REQUIRED ACTION → All lines from the entries below that contain the string "Blue" should be copied out.

DATA SHOWN →
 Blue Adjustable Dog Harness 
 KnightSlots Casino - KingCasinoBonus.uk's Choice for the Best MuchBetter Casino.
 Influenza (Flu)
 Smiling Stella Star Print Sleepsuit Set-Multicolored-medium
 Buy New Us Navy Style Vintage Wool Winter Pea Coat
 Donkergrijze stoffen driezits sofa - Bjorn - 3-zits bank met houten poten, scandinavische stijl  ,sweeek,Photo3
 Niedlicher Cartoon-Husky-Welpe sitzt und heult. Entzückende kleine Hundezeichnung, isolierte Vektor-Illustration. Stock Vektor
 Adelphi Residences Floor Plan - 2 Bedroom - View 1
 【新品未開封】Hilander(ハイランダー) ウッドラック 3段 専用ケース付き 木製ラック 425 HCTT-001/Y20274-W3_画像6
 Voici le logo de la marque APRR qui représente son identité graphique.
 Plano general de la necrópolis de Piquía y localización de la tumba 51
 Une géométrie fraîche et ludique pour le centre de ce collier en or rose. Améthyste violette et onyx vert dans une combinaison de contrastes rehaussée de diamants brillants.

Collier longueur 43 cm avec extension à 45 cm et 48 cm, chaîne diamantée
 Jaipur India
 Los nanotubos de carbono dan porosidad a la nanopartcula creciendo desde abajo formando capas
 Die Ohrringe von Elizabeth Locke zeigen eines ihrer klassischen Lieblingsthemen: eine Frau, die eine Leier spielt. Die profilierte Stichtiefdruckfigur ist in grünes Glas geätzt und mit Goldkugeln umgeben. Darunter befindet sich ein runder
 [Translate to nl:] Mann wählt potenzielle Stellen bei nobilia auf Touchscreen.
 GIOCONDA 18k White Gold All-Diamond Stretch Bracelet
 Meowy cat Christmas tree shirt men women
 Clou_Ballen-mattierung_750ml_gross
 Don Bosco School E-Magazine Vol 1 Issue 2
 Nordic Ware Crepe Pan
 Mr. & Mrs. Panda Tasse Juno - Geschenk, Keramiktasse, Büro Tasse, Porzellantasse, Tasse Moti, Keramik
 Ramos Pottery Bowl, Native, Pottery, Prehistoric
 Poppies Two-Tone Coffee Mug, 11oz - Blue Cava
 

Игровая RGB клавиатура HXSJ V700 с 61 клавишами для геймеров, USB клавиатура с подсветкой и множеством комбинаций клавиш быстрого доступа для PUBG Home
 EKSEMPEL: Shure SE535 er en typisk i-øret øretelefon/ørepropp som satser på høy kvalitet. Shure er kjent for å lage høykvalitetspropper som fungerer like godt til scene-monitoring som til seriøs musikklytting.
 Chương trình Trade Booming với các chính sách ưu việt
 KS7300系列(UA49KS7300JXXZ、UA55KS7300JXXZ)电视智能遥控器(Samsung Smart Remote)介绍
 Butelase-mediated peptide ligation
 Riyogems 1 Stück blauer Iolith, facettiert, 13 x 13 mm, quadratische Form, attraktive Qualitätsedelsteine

TASK OUTPUT →
 Blue Adjustable Dog Harness 
 Poppies Two-Tone Coffee Mug, 11oz - Blue Cava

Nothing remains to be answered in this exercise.